We seem to be getting an amazing amount of biopics lately. Some have been excellent.
Although many are not totally accurate they are still very enjoyable and if you find a character of interest to you then you have the internet which is a great tool for doing more research.
Like Dame Helen Mirren and Meryl Streep, Jeremy Irons is no stranger to bio-pics.
He has been Rodrigo Borgia ,Claus Von Bulow and so many others in between,check out the list.
He is also in these movies: here and here.
Is there anyone who didn't enjoy "Slum Dog Millionaire" with Dev Patel? I doubt it.
I agree with the writer: "The Bank" with David Wenham was a great movie too!
It is indeed a shame that many people who are amazing genii have had to suffer for it!
I am looking forward to this one!
As numbers matter a lot in The Man Who Knew Infinity, it’s worth noting this elegant film about Indian mathematical genius Srinivasa Ramanujan took 10 years to make it to the screen. But then 10 is a manageable number compared with those the uneducated, Madras-born Ramanujan loved, fought and conquered.
His contribution to the field stands the test of time, almost 100 years since his premature death in 1920, aged just 32.
Mathematics is a mystery to many people, including me, yet filmmakers know its strangeness can enliven a character and carry a story.
Gus Van Sant’s Good Will Hunting (1997), in which Ramanujan is mentioned in passing, is one well in the plus column, as is Ron Howard’s A Beautiful Mind (2001) and more recently the cryptology thriller The Imitation Game and Stephen Hawking bio-drama The Theory of Everything.
I’m also fond of Robert Connolly’s The Bank (2001), in which David Wenham is a mathematician able to manipulate the stock market. So we perhaps don’t need to hear Bertrand Russell (jovially played by Jeremy Northam) at the outset of this film to bring us on board, but as it turns out the quote is a telling one: “Mathematics, rightly viewed, possesses not only truth, but supreme beauty.”
The main story is Ramanujan’s five years at the University of Cambridge, where he works on and publishes his groundbreaking theories.
India is under British rule, World War I is around the corner and people high and low do not treat this man like a human being, let alone a genius. How dare he argue with British thinking? The racism is edgy and believable.
When still in Chennai, Ramanujan says to a friend, “The British think I am a raving lunatic”, the friend replies, “So do the Indians.” He leaves behind a nervous wife and a controlling mother.

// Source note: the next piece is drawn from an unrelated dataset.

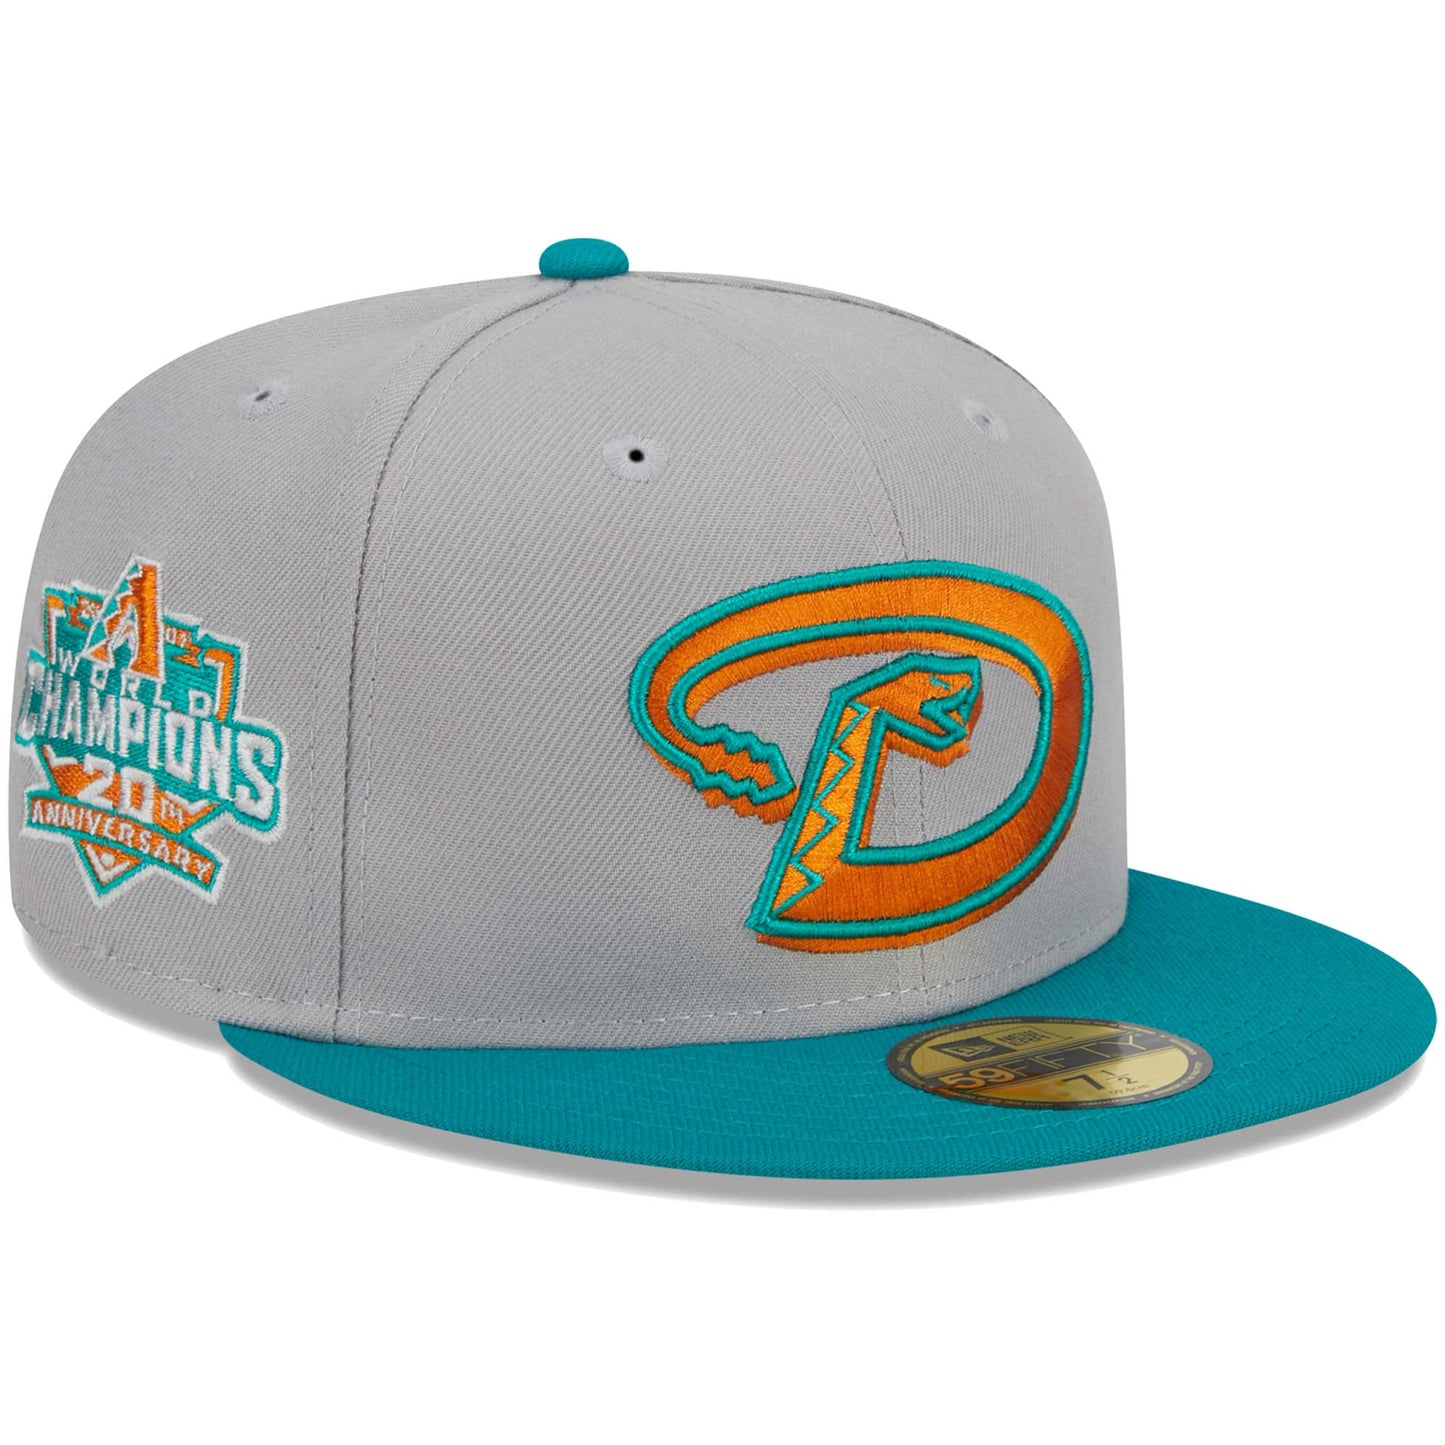 Arizona Diamondbacks New Era 59FIFTY Fitted Hat - Gray/Teal

Ramanujan is invited to Cambridge after writing letters to mathematics professor GH Hardy, an unusual, solitary don who mainly sticks to the rules but thinks the young man’s work may change the universe. Ramanujan is played by the earnest, endearing Dev Patel (Slumdog Millionaire) and Hardy is superbly inhabited by Jeremy Irons, in one of his best performances.

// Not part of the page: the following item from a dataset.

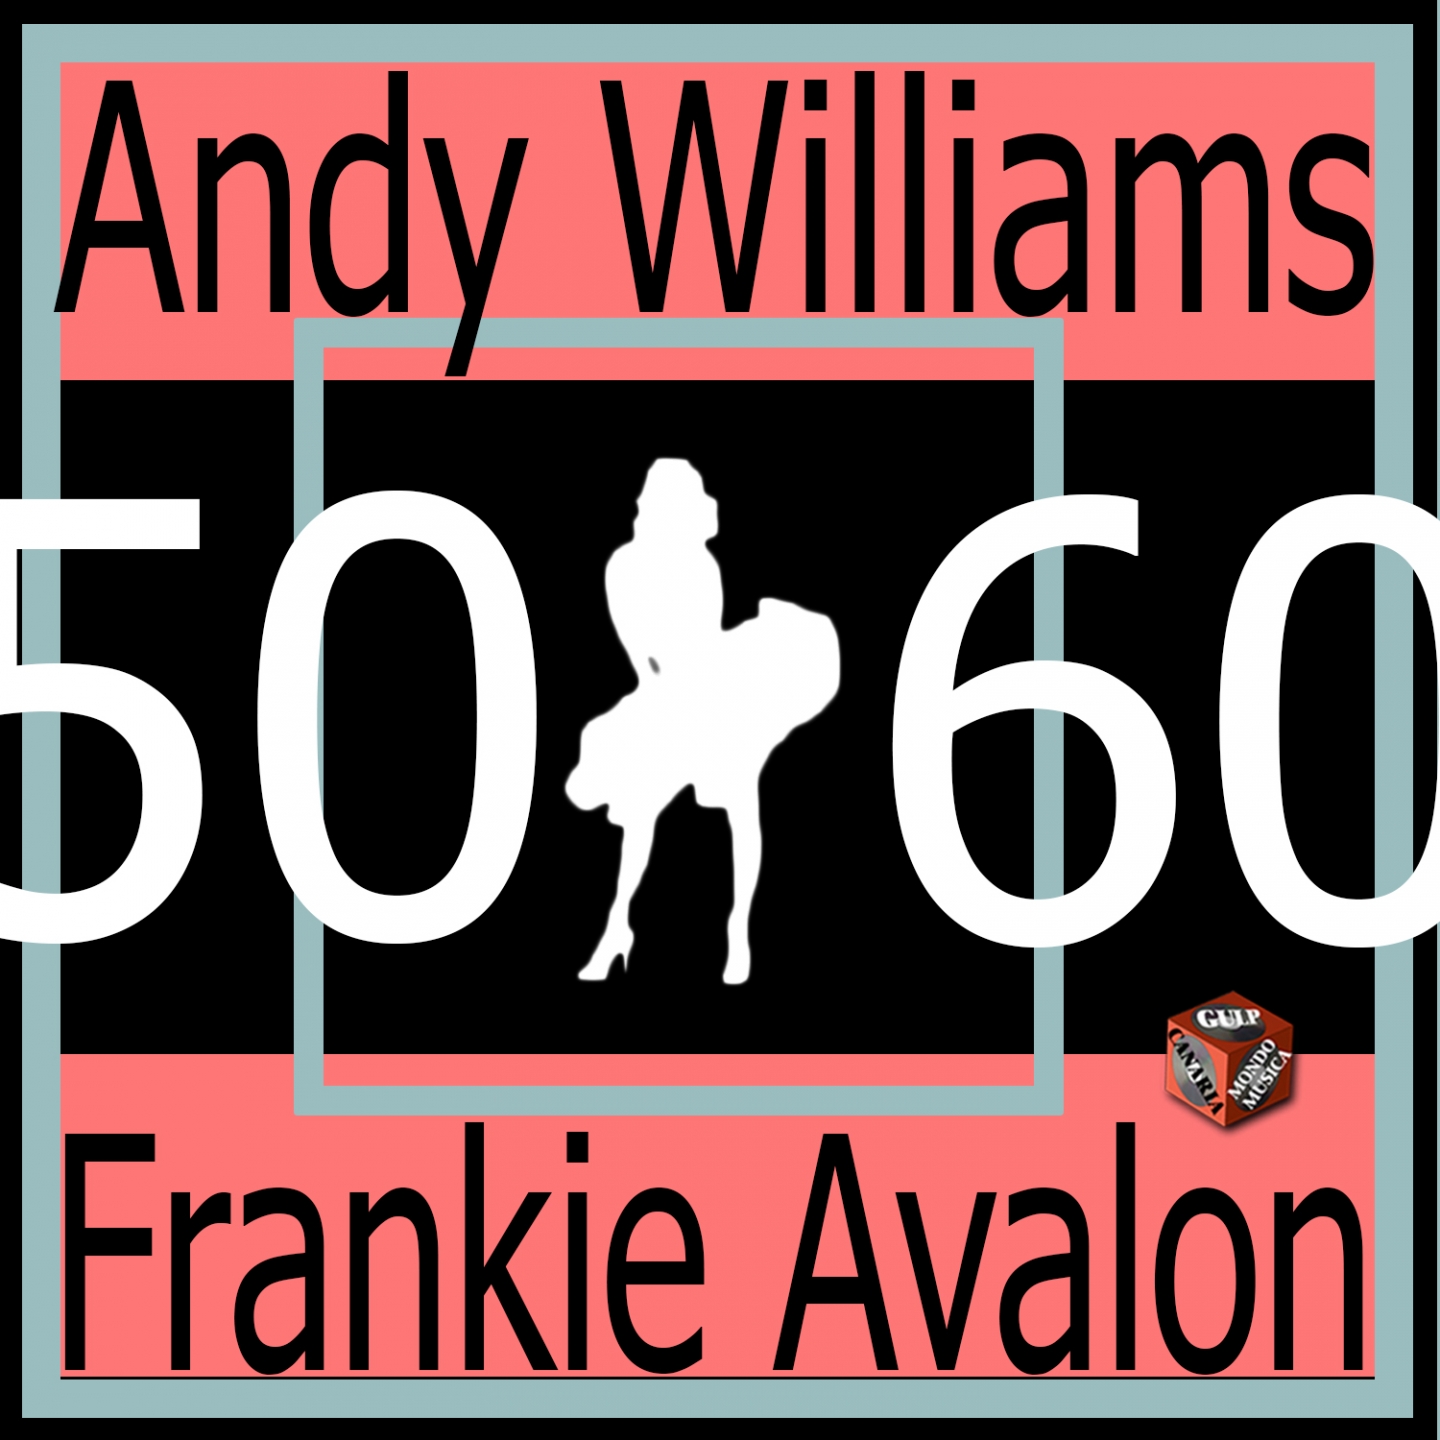 Frankie Avalon & Andy Williams

The chemistry between the two is thrilling in a fractured way. Shy Hardy rarely looks anyone in the eye, yet he sees something in his protege that makes him feel more human. “I owe more to him than to anyone else in the world,” he says at one point. Never married, he also describes their working relationship as “the one romantic incident of my life”.
Irons brings superb fragility to this removed, resilient character, in a way that took me back to his younger time at the other university, Oxford, in the masterpiece television series Brideshead Revisited.

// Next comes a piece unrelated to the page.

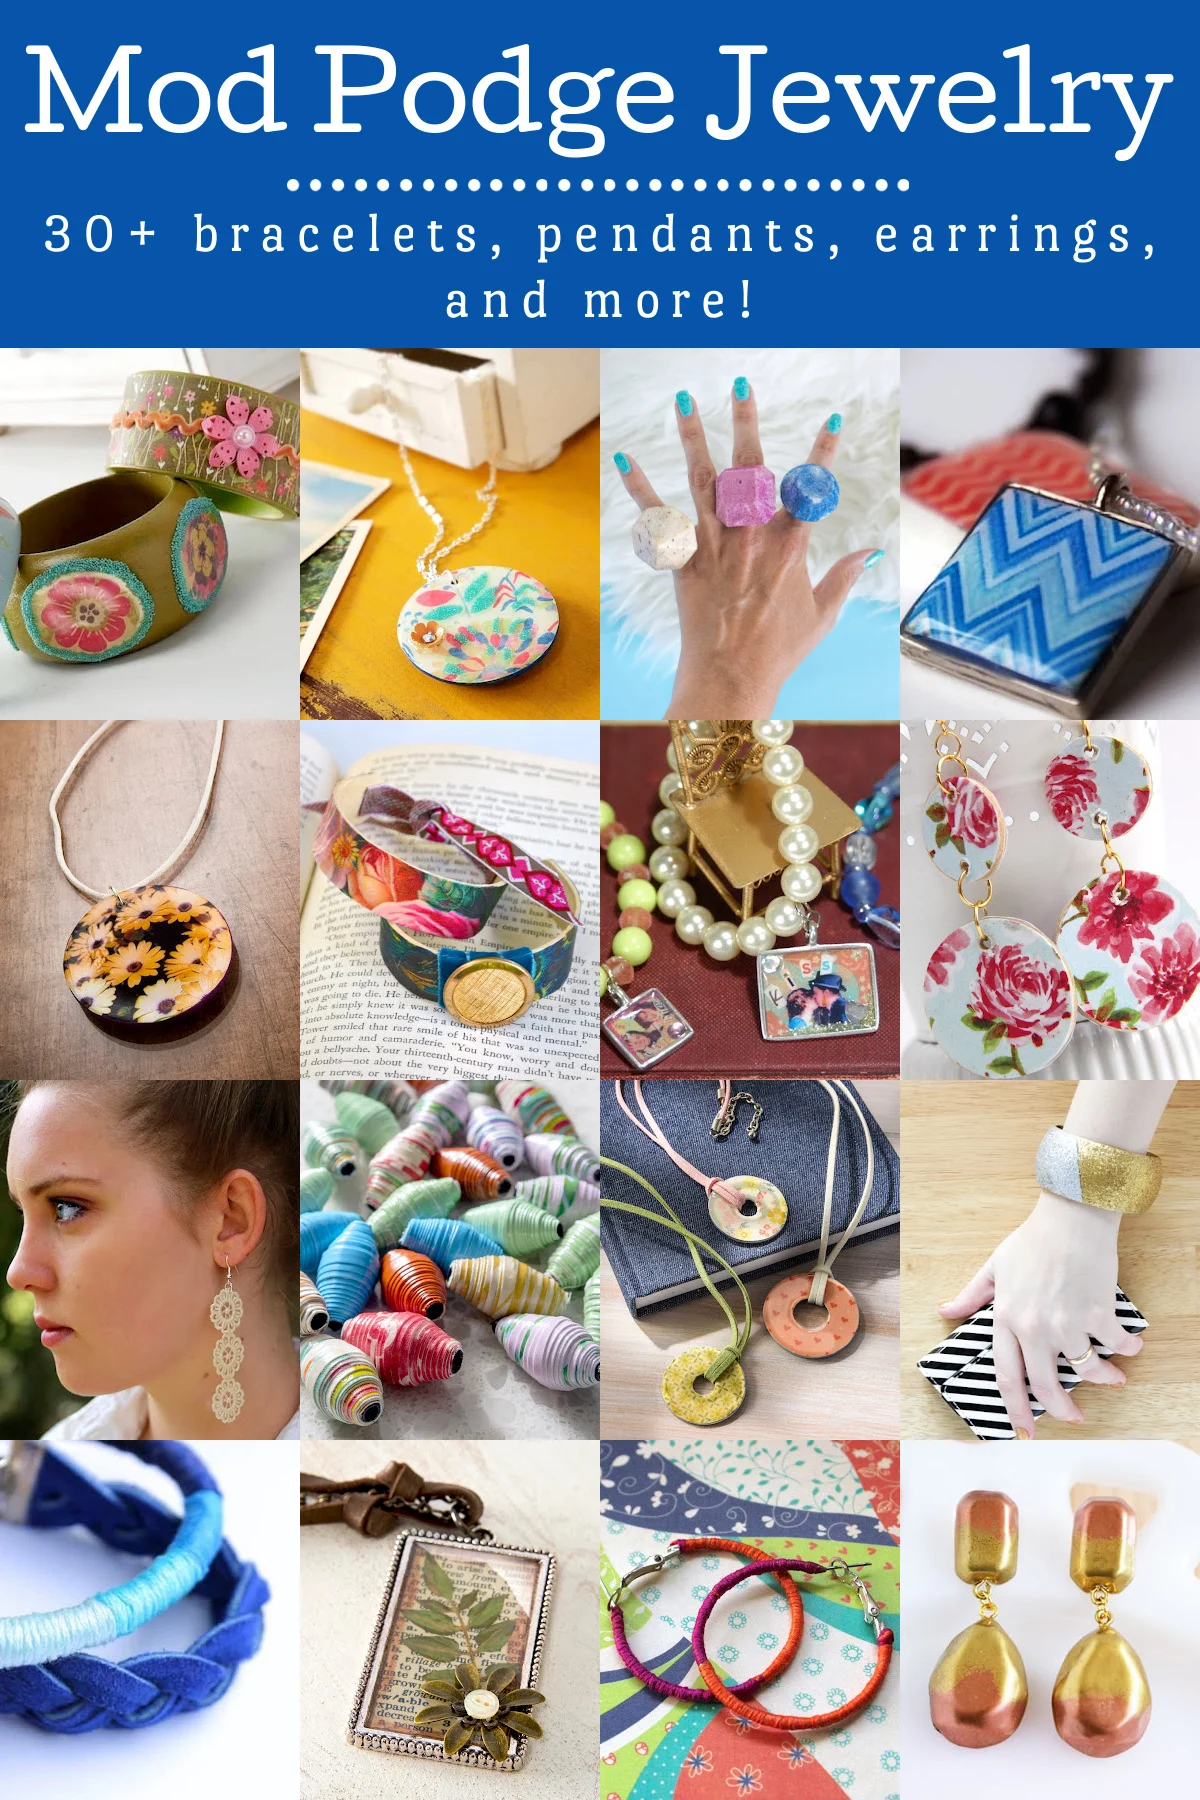 Jewelry Making Kit, Bead Crochet Kit, DIY for Adults, DIY ki

The story becomes an intellectual skirmish between Ramanujan and Hardy and the latter’s bloodier battle with the university hierarchy. Hardy has decent allies in Russell (‘‘Welcome to our little asylum,” is how he greets Ramanujan) and John Littlewood (Toby Jones).
I knew nothing about Ramanujan and will keep it that way here, as viewers who do not will find the plot riveting. It’s an old-fashioned English historical drama, and I say that with high praise.
Written and directed by Matthew Brown, it’s based on a 1991 book of the same name by Robert Kanigel. (Another book that may interest if you like this film is David Leavitt’s 2007 novel The Indian Clerk.) The script is intelligent and sharp, full of seriousness and humour.
When Hardy advises that he is an atheist, Ramanjun replies, “You believe in God; you just don’t think he likes you.’’ I can’t say anything informed about the maths, but the fact two high-profile mathematicians, Manjul Bhargava and Ken Ono, are on board as executive producers means it probably adds up.